■ **Record excerpts**:
*-*-*
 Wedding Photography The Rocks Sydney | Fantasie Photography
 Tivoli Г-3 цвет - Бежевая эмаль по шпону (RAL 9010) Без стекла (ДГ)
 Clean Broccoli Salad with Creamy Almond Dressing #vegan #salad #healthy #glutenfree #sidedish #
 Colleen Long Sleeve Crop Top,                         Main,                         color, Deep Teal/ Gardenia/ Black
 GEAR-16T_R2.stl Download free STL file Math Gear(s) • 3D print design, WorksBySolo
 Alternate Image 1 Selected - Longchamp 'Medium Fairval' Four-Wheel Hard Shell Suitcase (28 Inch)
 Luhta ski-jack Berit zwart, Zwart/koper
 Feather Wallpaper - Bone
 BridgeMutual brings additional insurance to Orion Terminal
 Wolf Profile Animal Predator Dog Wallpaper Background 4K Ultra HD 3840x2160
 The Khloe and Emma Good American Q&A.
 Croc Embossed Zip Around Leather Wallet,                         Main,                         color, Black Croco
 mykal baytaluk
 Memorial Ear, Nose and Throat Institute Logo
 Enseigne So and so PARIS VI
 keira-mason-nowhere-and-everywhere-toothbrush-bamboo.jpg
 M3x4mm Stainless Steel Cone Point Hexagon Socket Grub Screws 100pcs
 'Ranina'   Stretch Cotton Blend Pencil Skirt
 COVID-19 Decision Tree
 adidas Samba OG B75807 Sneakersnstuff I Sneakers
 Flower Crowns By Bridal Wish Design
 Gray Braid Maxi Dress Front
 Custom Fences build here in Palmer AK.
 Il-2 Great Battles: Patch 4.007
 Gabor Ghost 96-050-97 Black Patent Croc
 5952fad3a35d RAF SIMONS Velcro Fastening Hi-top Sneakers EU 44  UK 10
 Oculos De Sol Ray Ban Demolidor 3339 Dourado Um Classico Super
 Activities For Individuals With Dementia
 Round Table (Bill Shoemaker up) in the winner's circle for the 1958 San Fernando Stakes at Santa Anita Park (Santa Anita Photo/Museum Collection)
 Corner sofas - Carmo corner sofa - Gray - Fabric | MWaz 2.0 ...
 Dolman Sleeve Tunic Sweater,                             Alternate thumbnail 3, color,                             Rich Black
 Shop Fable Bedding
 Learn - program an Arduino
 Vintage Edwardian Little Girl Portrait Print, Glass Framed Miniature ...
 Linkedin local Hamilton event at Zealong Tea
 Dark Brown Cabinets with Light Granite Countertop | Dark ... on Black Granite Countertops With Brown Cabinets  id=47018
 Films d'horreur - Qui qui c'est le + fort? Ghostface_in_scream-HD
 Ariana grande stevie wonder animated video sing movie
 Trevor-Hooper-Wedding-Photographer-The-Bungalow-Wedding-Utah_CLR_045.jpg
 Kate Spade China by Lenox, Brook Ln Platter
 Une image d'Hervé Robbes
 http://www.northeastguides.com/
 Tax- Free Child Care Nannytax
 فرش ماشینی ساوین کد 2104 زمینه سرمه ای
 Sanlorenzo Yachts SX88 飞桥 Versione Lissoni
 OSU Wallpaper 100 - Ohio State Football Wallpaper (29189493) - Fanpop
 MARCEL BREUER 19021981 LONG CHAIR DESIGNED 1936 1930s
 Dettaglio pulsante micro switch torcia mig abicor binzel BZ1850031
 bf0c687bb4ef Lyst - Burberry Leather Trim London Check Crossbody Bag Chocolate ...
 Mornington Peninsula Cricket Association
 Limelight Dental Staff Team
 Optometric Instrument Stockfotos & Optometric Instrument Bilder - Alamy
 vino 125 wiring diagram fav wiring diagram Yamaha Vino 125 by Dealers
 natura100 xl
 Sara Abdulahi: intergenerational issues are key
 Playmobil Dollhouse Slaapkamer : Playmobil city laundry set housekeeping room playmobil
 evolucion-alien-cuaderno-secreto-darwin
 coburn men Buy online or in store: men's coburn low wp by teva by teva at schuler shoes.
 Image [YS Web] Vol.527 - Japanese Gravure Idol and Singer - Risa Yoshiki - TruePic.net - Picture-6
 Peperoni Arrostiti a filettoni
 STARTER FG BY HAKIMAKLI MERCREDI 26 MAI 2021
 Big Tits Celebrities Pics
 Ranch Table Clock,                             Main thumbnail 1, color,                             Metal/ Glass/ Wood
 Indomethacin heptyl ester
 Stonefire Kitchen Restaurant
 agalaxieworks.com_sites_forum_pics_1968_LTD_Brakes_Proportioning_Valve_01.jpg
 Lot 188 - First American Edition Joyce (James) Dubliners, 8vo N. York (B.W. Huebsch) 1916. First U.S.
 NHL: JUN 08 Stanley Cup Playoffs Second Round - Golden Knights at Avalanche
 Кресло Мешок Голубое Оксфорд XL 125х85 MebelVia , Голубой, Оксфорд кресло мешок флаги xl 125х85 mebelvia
*-*-*
Could you transcribe all of the entries exactly, leaving nothing out?

■ **Exercise result**:
 Wedding Photography The Rocks Sydney | Fantasie Photography
 Tivoli Г-3 цвет - Бежевая эмаль по шпону (RAL 9010) Без стекла (ДГ)
 Clean Broccoli Salad with Creamy Almond Dressing #vegan #salad #healthy #glutenfree #sidedish #
 Colleen Long Sleeve Crop Top,                         Main,                         color, Deep Teal/ Gardenia/ Black
 GEAR-16T_R2.stl Download free STL file Math Gear(s) • 3D print design, WorksBySolo
 Alternate Image 1 Selected - Longchamp 'Medium Fairval' Four-Wheel Hard Shell Suitcase (28 Inch)
 Luhta ski-jack Berit zwart, Zwart/koper
 Feather Wallpaper - Bone
 BridgeMutual brings additional insurance to Orion Terminal
 Wolf Profile Animal Predator Dog Wallpaper Background 4K Ultra HD 3840x2160
 The Khloe and Emma Good American Q&A.
 Croc Embossed Zip Around Leather Wallet,                         Main,                         color, Black Croco
 mykal baytaluk
 Memorial Ear, Nose and Throat Institute Logo
 Enseigne So and so PARIS VI
 keira-mason-nowhere-and-everywhere-toothbrush-bamboo.jpg
 M3x4mm Stainless Steel Cone Point Hexagon Socket Grub Screws 100pcs
 'Ranina'   Stretch Cotton Blend Pencil Skirt
 COVID-19 Decision Tree
 adidas Samba OG B75807 Sneakersnstuff I Sneakers
 Flower Crowns By Bridal Wish Design
 Gray Braid Maxi Dress Front
 Custom Fences build here in Palmer AK.
 Il-2 Great Battles: Patch 4.007
 Gabor Ghost 96-050-97 Black Patent Croc
 5952fad3a35d RAF SIMONS Velcro Fastening Hi-top Sneakers EU 44  UK 10
 Oculos De Sol Ray Ban Demolidor 3339 Dourado Um Classico Super
 Activities For Individuals With Dementia
 Round Table (Bill Shoemaker up) in the winner's circle for the 1958 San Fernando Stakes at Santa Anita Park (Santa Anita Photo/Museum Collection)
 Corner sofas - Carmo corner sofa - Gray - Fabric | MWaz 2.0 ...
 Dolman Sleeve Tunic Sweater,                             Alternate thumbnail 3, color,                             Rich Black
 Shop Fable Bedding
 Learn - program an Arduino
 Vintage Edwardian Little Girl Portrait Print, Glass Framed Miniature ...
 Linkedin local Hamilton event at Zealong Tea
 Dark Brown Cabinets with Light Granite Countertop | Dark ... on Black Granite Countertops With Brown Cabinets  id=47018
 Films d'horreur - Qui qui c'est le + fort? Ghostface_in_scream-HD
 Ariana grande stevie wonder animated video sing movie
 Trevor-Hooper-Wedding-Photographer-The-Bungalow-Wedding-Utah_CLR_045.jpg
 Kate Spade China by Lenox, Brook Ln Platter
 Une image d'Hervé Robbes
 http://www.northeastguides.com/
 Tax- Free Child Care Nannytax
 فرش ماشینی ساوین کد 2104 زمینه سرمه ای
 Sanlorenzo Yachts SX88 飞桥 Versione Lissoni
 OSU Wallpaper 100 - Ohio State Football Wallpaper (29189493) - Fanpop
 MARCEL BREUER 19021981 LONG CHAIR DESIGNED 1936 1930s
 Dettaglio pulsante micro switch torcia mig abicor binzel BZ1850031
 bf0c687bb4ef Lyst - Burberry Leather Trim London Check Crossbody Bag Chocolate ...
 Mornington Peninsula Cricket Association
 Limelight Dental Staff Team
 Optometric Instrument Stockfotos & Optometric Instrument Bilder - Alamy
 vino 125 wiring diagram fav wiring diagram Yamaha Vino 125 by Dealers
 natura100 xl
 Sara Abdulahi: intergenerational issues are key
 Playmobil Dollhouse Slaapkamer : Playmobil city laundry set housekeeping room playmobil
 evolucion-alien-cuaderno-secreto-darwin
 coburn men Buy online or in store: men's coburn low wp by teva by teva at schuler shoes.
 Image [YS Web] Vol.527 - Japanese Gravure Idol and Singer - Risa Yoshiki - TruePic.net - Picture-6
 Peperoni Arrostiti a filettoni
 STARTER FG BY HAKIMAKLI MERCREDI 26 MAI 2021
 Big Tits Celebrities Pics
 Ranch Table Clock,                             Main thumbnail 1, color,                             Metal/ Glass/ Wood
 Indomethacin heptyl ester
 Stonefire Kitchen Restaurant
 agalaxieworks.com_sites_forum_pics_1968_LTD_Brakes_Proportioning_Valve_01.jpg
 Lot 188 - First American Edition Joyce (James) Dubliners, 8vo N. York (B.W. Huebsch) 1916. First U.S.
 NHL: JUN 08 Stanley Cup Playoffs Second Round - Golden Knights at Avalanche
 Кресло Мешок Голубое Оксфорд XL 125х85 MebelVia , Голубой, Оксфорд кресло мешок флаги xl 125х85 mebelvia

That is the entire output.